Use of the AWS services costs money. If you are not using your services any longer, you should clean up and remove them. For these delete commands to succeed, you must use the name that you created in your creation steps. To check what names you have, you have two options:

a) log in via command line and issue the following command:

  aws eks list-clusters --region %region-name%

The output from this option should look like this:

{
    "clusters": [
        "devmodelops",
        "sbxmodelops"
    ]
}

b) log into the portal and choose Kubernetes services:

Once you have your name set correctly, detach the assigned policies:

VALUES TO BE EXTRACTED FROM THIS STEP

  • rolename

Issue the following command to extract rolename:

aws iam list-roles | jq -r '.Roles| .[] | .RoleName' | grep eksctl-%cluster%-nodegroup

You should see output such as this (Two rolenames will be displayed if windows node is added else only one rolename for linux):

eksctl-devmodelops-nodegroup-devm-NodeInstanceRole-1GV0F2NT37D6U
eksctl-devmodelops-nodegroup-devm-NodeInstanceRole-9OXZ2QBHWDQ

Detach below two IAM Policies from eksctl rolename

Rolename 1:
    aws iam detach-role-policy \
        --policy-arn arn:aws:iam::aws:policy/AmazonEC2ContainerRegistryFullAccess \
        --role-name eksctl-devmodelops-nodegroup-devm-NodeInstanceRole-1GV0F2NT37D6U

    aws iam detach-role-policy \
        --policy-arn arn:aws:iam::aws:policy/AmazonElasticContainerRegistryPublicFullAccess \
        --role-name eksctl-devmodelops-nodegroup-devm-NodeInstanceRole-1GV0F2NT37D6U

Rolename 2:
    aws iam detach-role-policy --policy-arn arn:aws:iam::aws:policy/AmazonEC2ContainerRegistryFullAccess \
        --role-name eksctl-devmodelops-nodegroup-devm-NodeInstanceRole-1GV0F2NT37D6U

    aws iam detach-role-policy --policy-arn arn:aws:iam::aws:policy/AmazonElasticContainerRegistryPublicFullAccess \
        --role-name eksctl-devmodelops-nodegroup-devm-NodeInstanceRole-9OXZ2QBHWDQ

To delete the Cluster resources issue the following commands:

eksctl delete cluster \
    --name %cluster%  \
    --region %region-name% \
    --wait \
    --force

VARIABLE REFERENCE

Variable Source of Value Description
ecr AWS Elastic Container Registry (ECR) which provides cloud-based container image building for platforms including Linux, Windows.
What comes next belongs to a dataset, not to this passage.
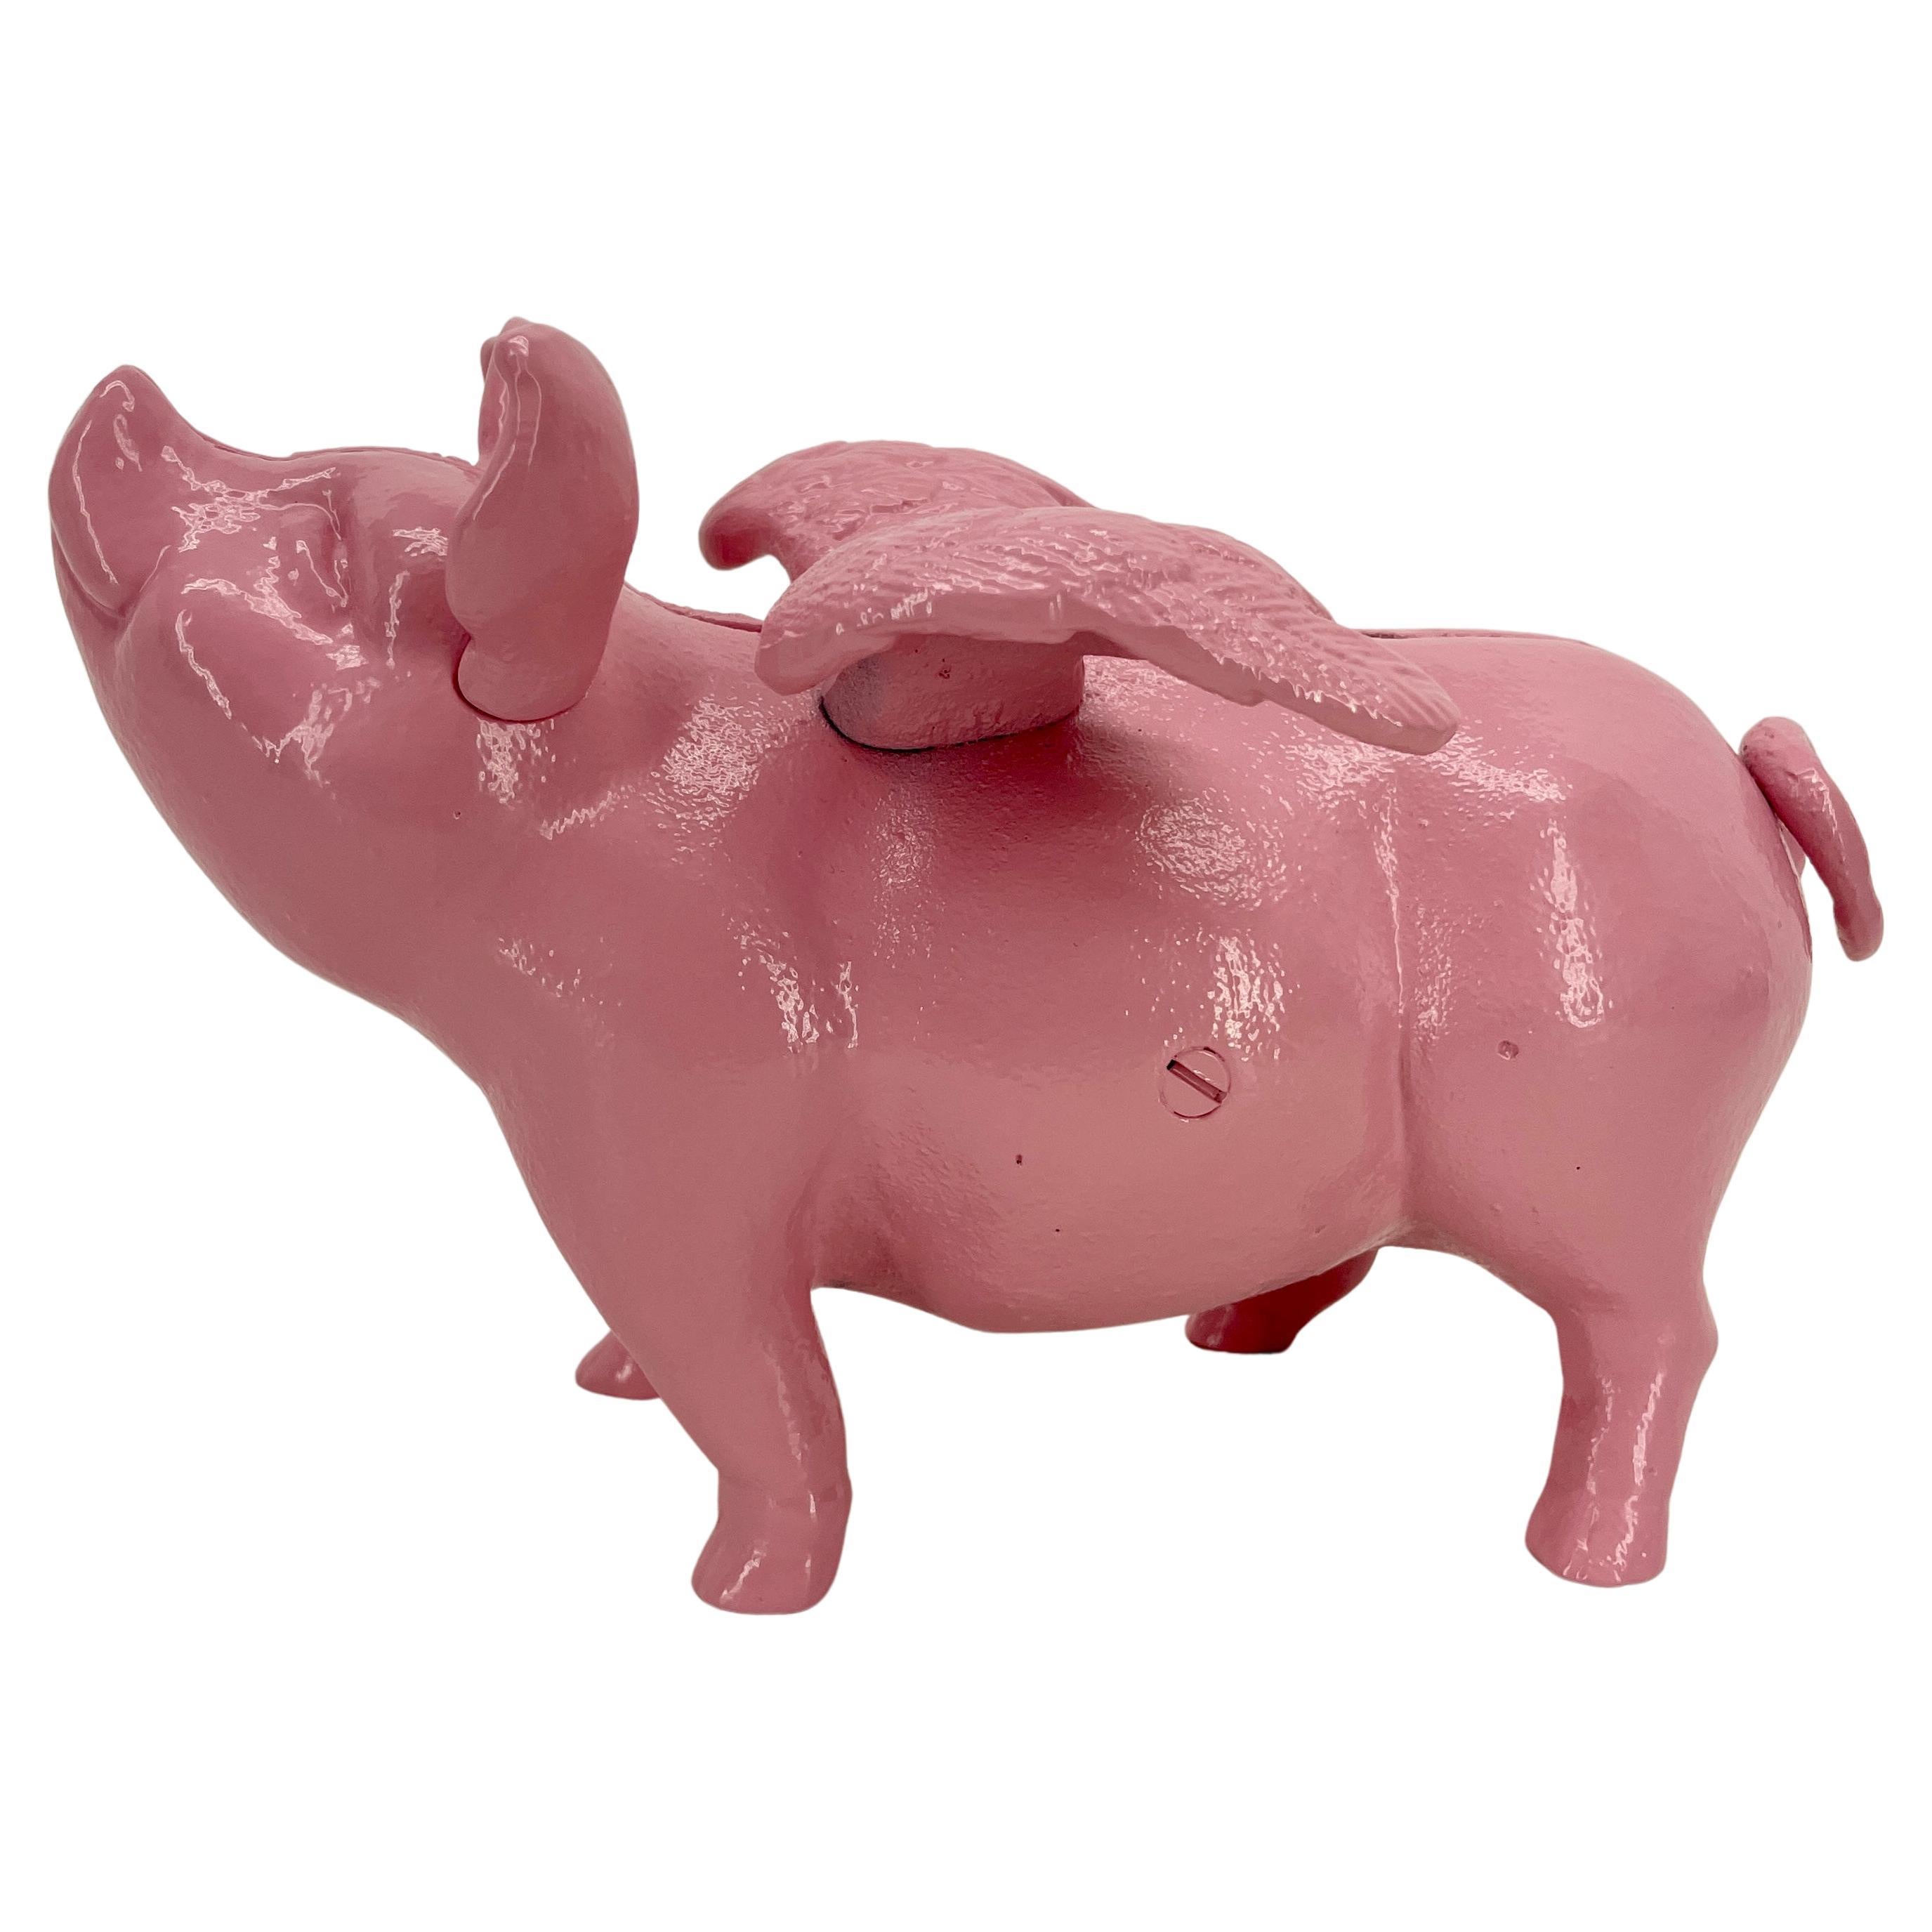 Danish piggy pink cast iron money bank or doorstopper with wings.
This smiling and charming Lady Pig is newly powder-coated in

Use Elastic container registries with your existing container development and deployment pipelines, or use Elastic Container Registry Tasks to build container images in AWS. This is a user selected meaningful name which the user creates as explained below while creating ECR.
cluster Elastic Kubernetes Service (EKS) is a managed Kubernetes service that lets users quickly deploy, scale and manage clusters. It reduces the complexity for deployment and core management tasks, including coordinating upgrades. The EKS control plane is managed by the AWS platform, and user only pay for the EKS nodes that run your applications. EKS is built on top of the open-source AWS Kubernetes Service Engine. The user gives the cluster name while creating EKS.
namespace Kubernetes resources, such as pods and Deployments, are logically grouped into a namespace. These groupings provide a way to logically divide an EKS cluster and restrict access to create, view, or manage resources. Users can create namespaces to separate business groups At the time of namespace creation an user can give any value to the namespace eg development, production etc
location When the user create an organization, user can choose the region your organization is hosted in AWS. You may choose your organization’s region based on locality and network latency, or because you have sovereignty requirements for data centers. Your organization’s default location is based on the closest Microsoft Azure region available. Eg: eastus
aws_winpassword and aws_winuser These values set the admin credentials for any Windows Server containers created on the cluster and must meet Windows Server password requirements. If you don’t specify the windows-admin-password parameter, you will be prompted to provide a value. Eg: azure_winpassword=P@ssw0rd1234567! and azure_winuser=azureuser
hostedzone HostedZone is the name of the DNS which was used to create a hostedzones in Rout53. The Hostedzone name can be any value that is not already configured on the AWS Rout53. A real-world value would be a domain that you bought from a domain name registrar. Eg: xyzcloud.com
Domain Domain is the public DNS exposed to access ModelOps service. The DNS registered in Hostedzone for the respective EKS. Eg: devmodelops.tibcocloud.com
NetworkExposure It is the type in which user requires the k8s service to be exposed. ModelOps is currently using “ingress”. Eg: ingress, loadBalancer, etc.
region-name It is the AWS region in which EKS service is deployed i.e us-east-2

TROUBLESHOOTING REFERENCE

Helm install failure on pre-install

Error: an error occurred while uninstalling the release. original install error:
failed pre-install: timed out waiting for the condition: timed out waiting for the condition

This error indicates that a pre-install tasks failed - this part of the install process installs the operators, so chances are something failed in there. The command kubectl logs job/operators -n modelops should give some more info.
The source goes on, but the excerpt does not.